== Records for the exercise

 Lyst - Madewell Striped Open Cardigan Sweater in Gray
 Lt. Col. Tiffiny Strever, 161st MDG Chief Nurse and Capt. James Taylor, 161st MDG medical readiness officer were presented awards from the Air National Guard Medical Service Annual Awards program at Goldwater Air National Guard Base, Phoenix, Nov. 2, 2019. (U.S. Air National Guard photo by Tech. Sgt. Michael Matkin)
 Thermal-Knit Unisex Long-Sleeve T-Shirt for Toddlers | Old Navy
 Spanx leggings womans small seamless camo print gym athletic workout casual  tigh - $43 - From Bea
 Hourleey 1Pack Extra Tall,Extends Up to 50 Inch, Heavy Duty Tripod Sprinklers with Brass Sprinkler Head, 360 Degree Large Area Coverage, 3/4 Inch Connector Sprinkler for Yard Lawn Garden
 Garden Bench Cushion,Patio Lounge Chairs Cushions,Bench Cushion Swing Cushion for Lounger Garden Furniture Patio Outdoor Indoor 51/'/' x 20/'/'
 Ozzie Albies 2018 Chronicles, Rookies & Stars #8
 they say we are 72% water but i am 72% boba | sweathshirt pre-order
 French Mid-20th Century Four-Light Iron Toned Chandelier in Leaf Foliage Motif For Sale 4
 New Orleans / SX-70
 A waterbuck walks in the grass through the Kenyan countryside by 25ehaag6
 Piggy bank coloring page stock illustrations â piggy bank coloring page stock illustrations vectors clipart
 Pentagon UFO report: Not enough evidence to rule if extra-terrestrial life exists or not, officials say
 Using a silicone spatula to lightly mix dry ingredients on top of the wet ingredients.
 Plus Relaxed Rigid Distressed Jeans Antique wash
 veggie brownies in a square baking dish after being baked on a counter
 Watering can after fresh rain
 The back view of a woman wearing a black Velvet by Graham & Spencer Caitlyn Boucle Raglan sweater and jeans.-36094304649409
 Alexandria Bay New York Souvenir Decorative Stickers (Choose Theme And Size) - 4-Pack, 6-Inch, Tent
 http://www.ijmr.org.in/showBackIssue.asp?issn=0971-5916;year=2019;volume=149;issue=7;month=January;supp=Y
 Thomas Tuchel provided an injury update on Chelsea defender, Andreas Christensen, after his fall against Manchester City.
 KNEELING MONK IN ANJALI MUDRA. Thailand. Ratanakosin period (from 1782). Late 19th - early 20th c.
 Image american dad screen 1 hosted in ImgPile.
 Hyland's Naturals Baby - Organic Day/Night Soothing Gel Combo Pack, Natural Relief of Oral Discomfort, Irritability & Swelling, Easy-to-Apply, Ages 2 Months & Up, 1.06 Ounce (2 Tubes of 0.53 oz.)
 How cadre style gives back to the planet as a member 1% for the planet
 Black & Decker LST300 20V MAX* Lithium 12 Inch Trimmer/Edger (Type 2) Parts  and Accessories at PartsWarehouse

====

Give back the listing exactly, please, from its first line to the line containing "they say we", inclusive, and nothing past that line.

→ **Final answer**:
 Lyst - Madewell Striped Open Cardigan Sweater in Gray
 Lt. Col. Tiffiny Strever, 161st MDG Chief Nurse and Capt. James Taylor, 161st MDG medical readiness officer were presented awards from the Air National Guard Medical Service Annual Awards program at Goldwater Air National Guard Base, Phoenix, Nov. 2, 2019. (U.S. Air National Guard photo by Tech. Sgt. Michael Matkin)
 Thermal-Knit Unisex Long-Sleeve T-Shirt for Toddlers | Old Navy
 Spanx leggings womans small seamless camo print gym athletic workout casual  tigh - $43 - From Bea
 Hourleey 1Pack Extra Tall,Extends Up to 50 Inch, Heavy Duty Tripod Sprinklers with Brass Sprinkler Head, 360 Degree Large Area Coverage, 3/4 Inch Connector Sprinkler for Yard Lawn Garden
 Garden Bench Cushion,Patio Lounge Chairs Cushions,Bench Cushion Swing Cushion for Lounger Garden Furniture Patio Outdoor Indoor 51/'/' x 20/'/'
 Ozzie Albies 2018 Chronicles, Rookies & Stars #8
 they say we are 72% water but i am 72% boba | sweathshirt pre-order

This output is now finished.